The tallest South American Volcanoes in the Atacama region, with hardly any snow are under the microscope this time. These South American volcanoes with dry soil have no nutrients. These mountains have a top resembling the Martian-like landscape. Researchers are perpetually on the lookout for organisms residing in the most unfriendly dirty surroundings. The DNA analysis of the mountain soil has showed up a cluster of bacteria, Achaea and fungus communities.
The volcanic area is exposed to very high ultra violet radiation and the temperature has been recorded falling till -10 degree Celsius and rising up to 56 degree Celsius within 12 hours .These organisms have caught the eye of the scientists and they are undergoing DNA Analysis .
The organism finder Ryan Lynch and the soil collector Steven Schmidt are microbiologists with the University of Colorado in Boulder. They were surprised at the unearthing of these microbes under such strenuous conditions. He states his findings “We haven’t formally identified or characterized the species,” the surprising fact is that they have a unique way of assimilating energy and surviving as compared to their counterparts.
Lynch and Schmidt found out that these organisms were surprisingly not photosynthetic. They were tested genetically for the presence of green pigment chlorophyll with fluorescent techniques. But the micro organisms in these diverse conditions are managing just fine.
Lynch exclaims “but these are very different than anything else that has been cultured. Genetically, they’re at least 5 percent different than anything else in the [DNA] database of 2.5 million sequences.” The database showed up a collection of microbes, he added, and researchers worldwide are expected to rush to know more about them.
The researchers presume that these microbes carry out energy conversion through chemical reactions. The organisms take in carbon and energy from dimethyl sulfide and carbon monoxide from the air. One gram of normal soil is loaded with thousands of species of microbes; the same can be said of the garden soil too. But the area where the new crop of microbes have sprung up does not have many microbial species residing there. The findings have been added to the Journal of Geophysical Research- Biogeosciences.

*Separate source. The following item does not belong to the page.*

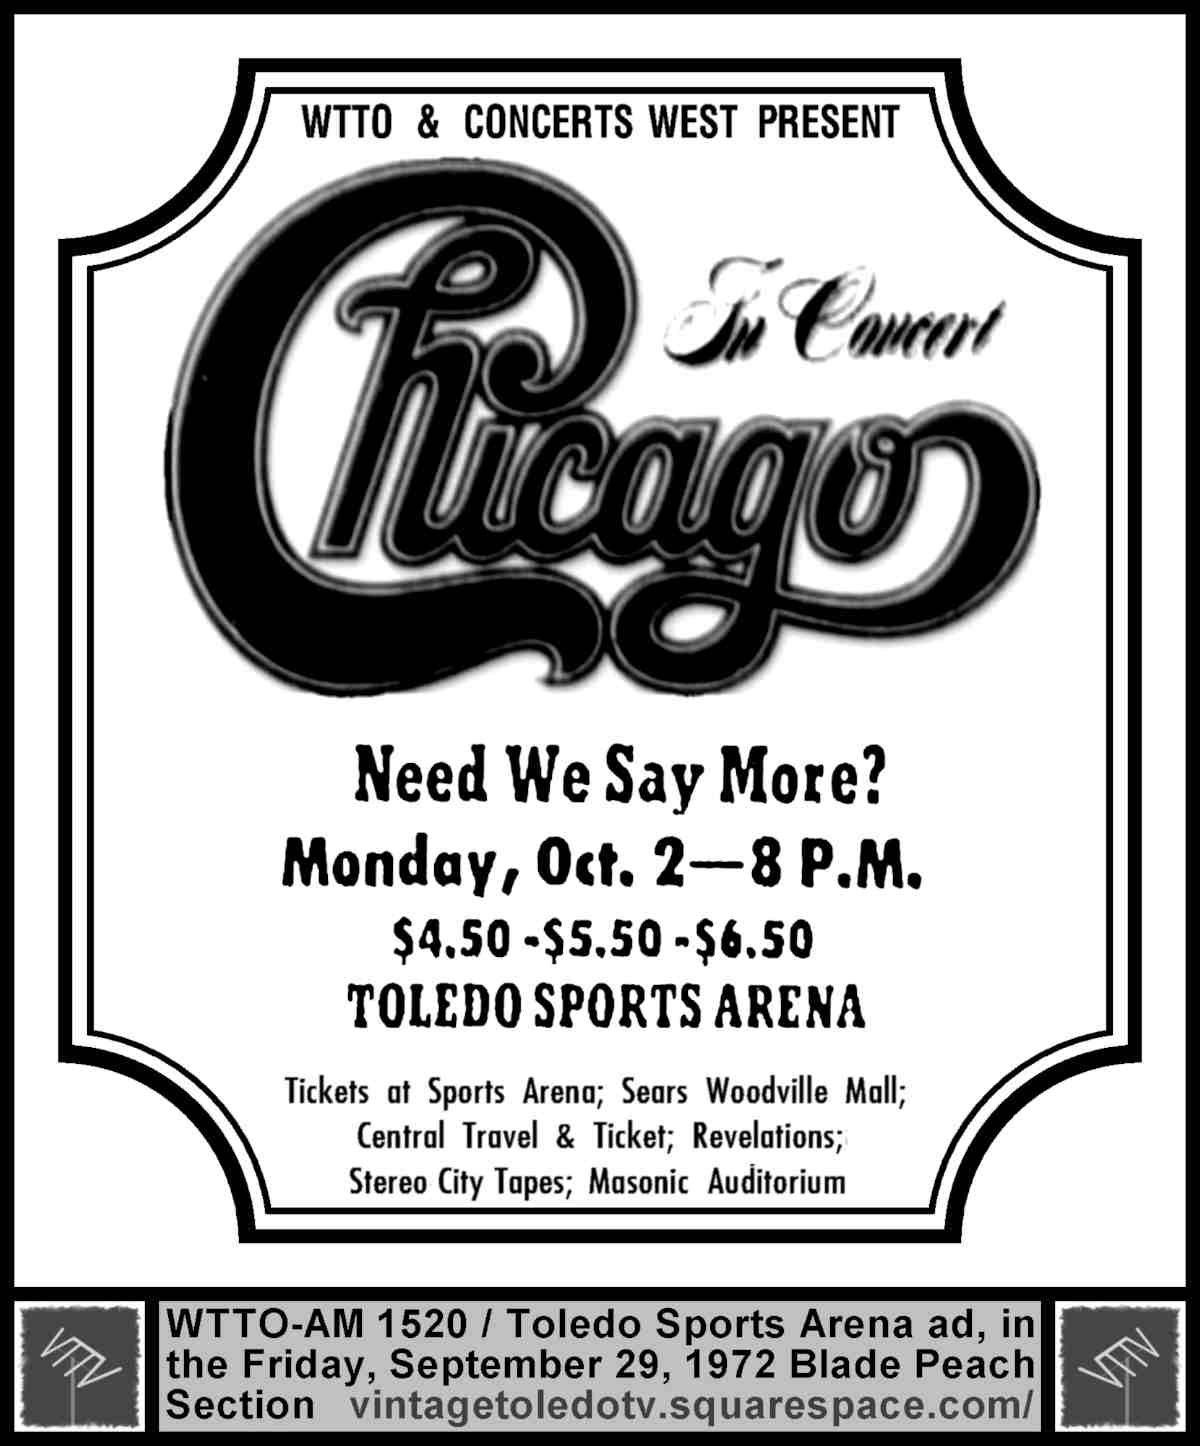 Vintage Toledo TV - Vintage Radio Station Print Ads - WTTO & Concerts West  present Chicago at Toledo Sports Arena (Fri 9/29/72 ad)

A surprised Schmidt who has researched in Peruvian Andes was stunned by these 6,000 meter high ice free volcanic mountains on Chile Argentina border was heard saying “To find a community dominated by less than 20 [species] – that’s pretty amazing for a soil microbiologist,he further said “Overall, there was a good bit lower diversity [in the Atacama samples] than you would find in most soils, including other mountainous mineral soils."
That makes the Atacama microbes very unusual, he added. They probably had to adapt to the extremely harsh environment, or may have evolved in different directions than similar organisms elsewhere due to long-term geographic isolation.